SMTP
Simple Mail Transfer Protocol — the standard protocol used to send and relay email messages between mail servers. It is used for outgoing mail only; reading email requires IMAP or POP3.
SMTP (Simple Mail Transfer Protocol, RFC 5321) is the protocol that mail servers and email clients use to transmit outgoing messages. When you click Send in an email client, the client connects to an SMTP server, authenticates, and hands off the message for delivery. The SMTP server then relays the message from server to server until it reaches the recipient's mail server.
SMTP handles only the transmission of messages, not their storage or retrieval.

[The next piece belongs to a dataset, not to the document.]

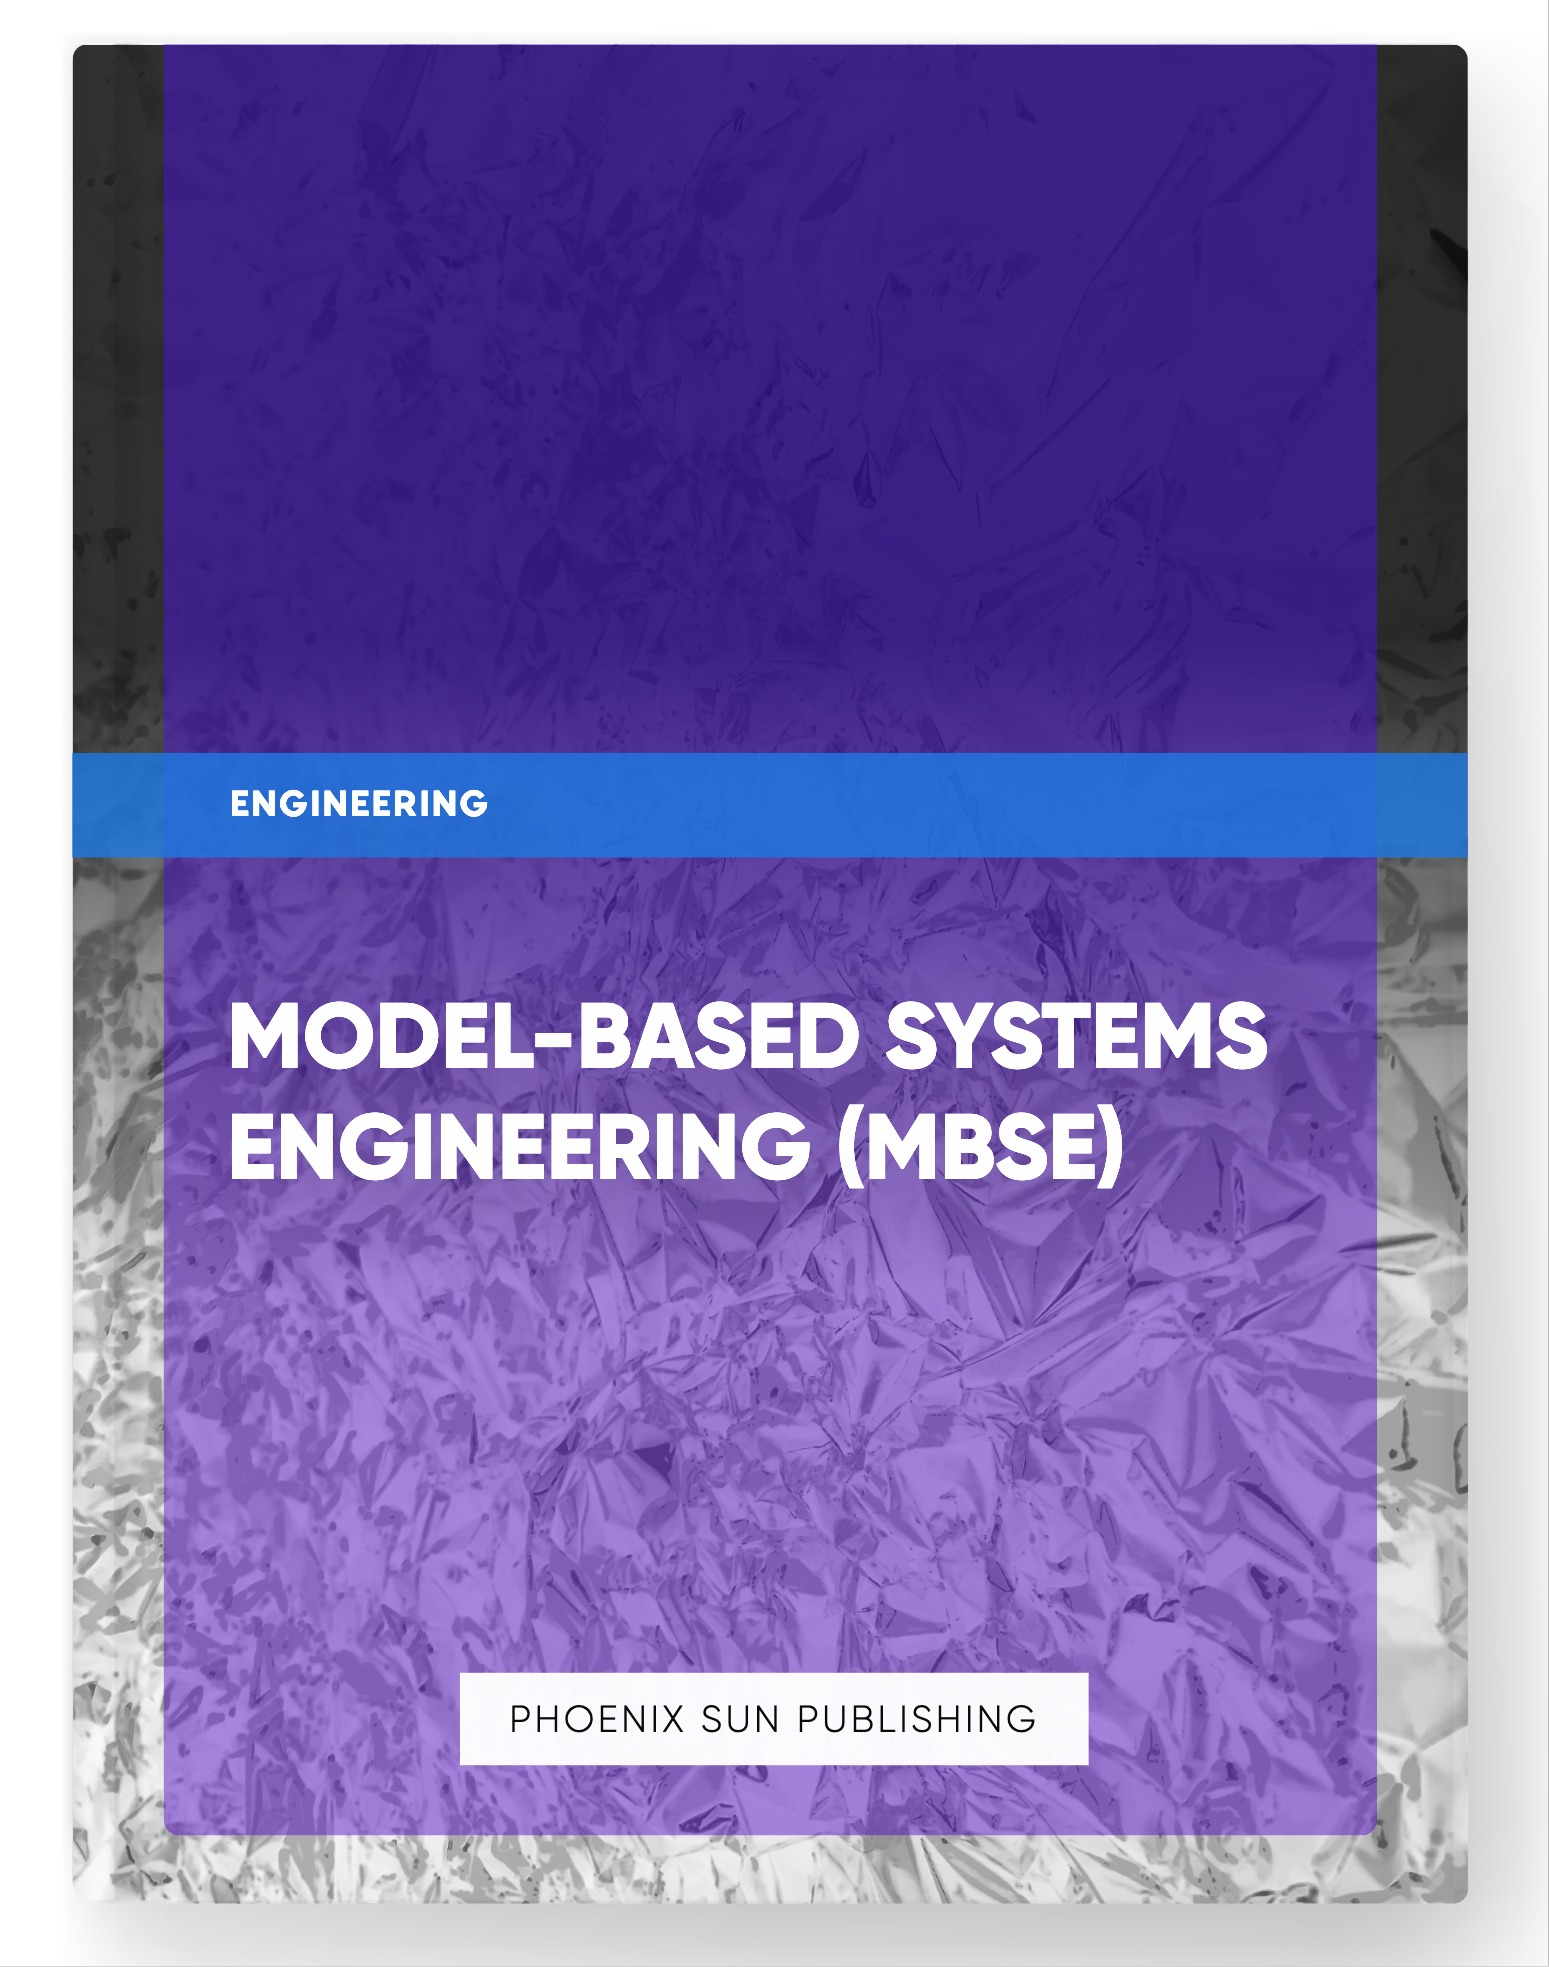 Model-Based Systems Engineering (MBSE)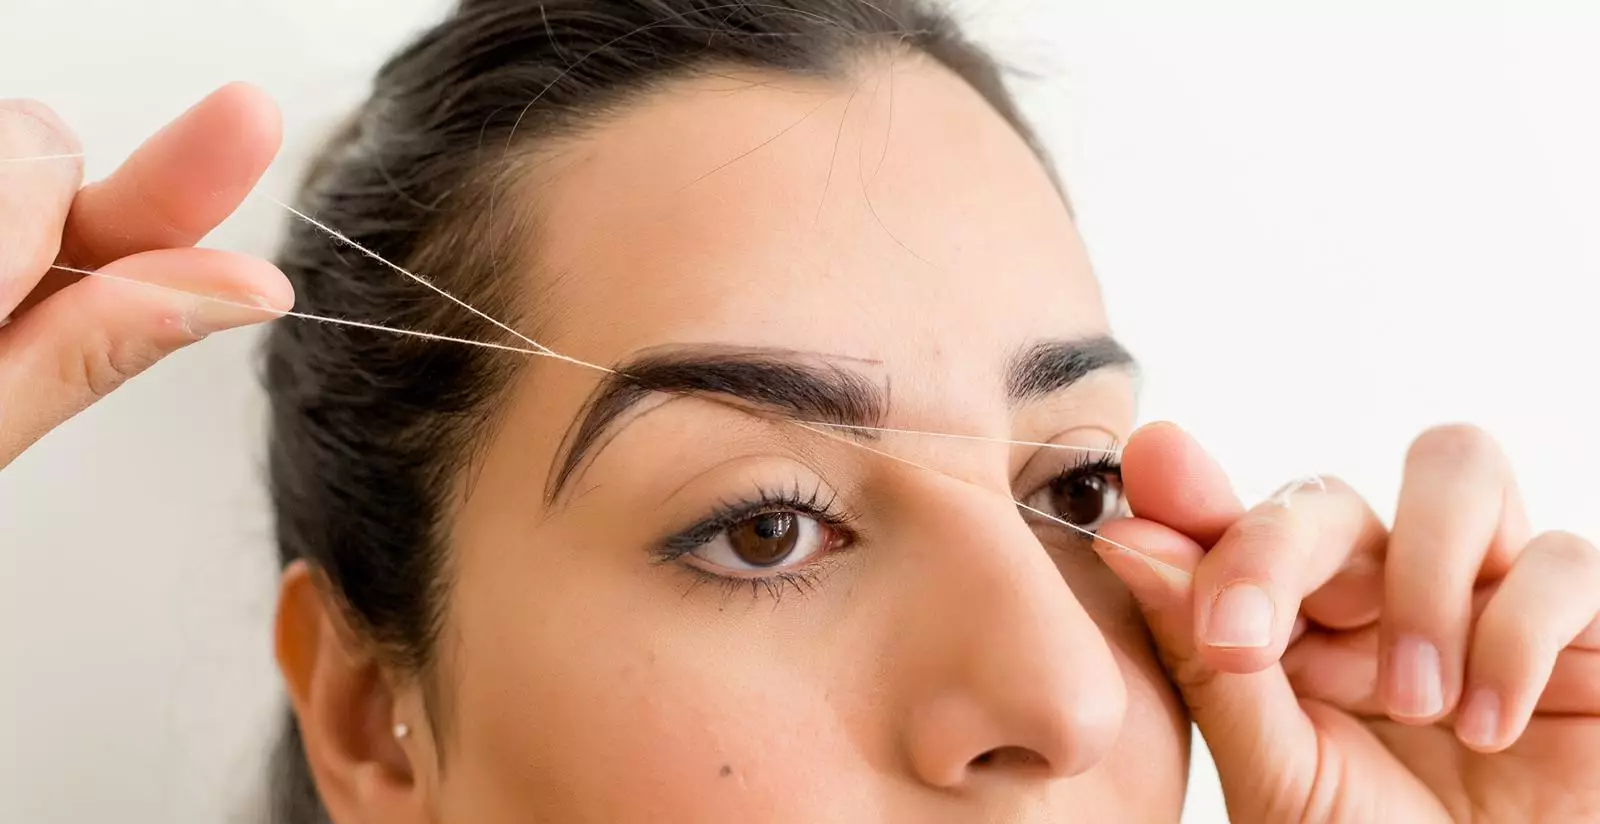 Do subtle, minimal tidying under the brows, above the eyelids and your brow tails. Don't overdo it! (

Once a message arrives at the destination server, protocols like IMAP or POP3 allow mail clients to read it. This separation of concerns means that SMTP is not involved in reading, archiving, or searching email — those tasks fall to other protocols and formats.
SMTP servers add Received headers to messages as they pass through the relay chain. These headers, visible in the raw message source, record the IP addresses and timestamps of each server that handled the message, which can be useful for tracing delivery issues or verifying authenticity.
Related terms
Internet Message Access Protocol — the standard protocol for accessing email stored on a server, keeping messages synchronized across multiple devices without downloading and deleting them.
Post Office Protocol 3 — an older email retrieval protocol that downloads messages from a server to a local device, typically removing them from the server afterward.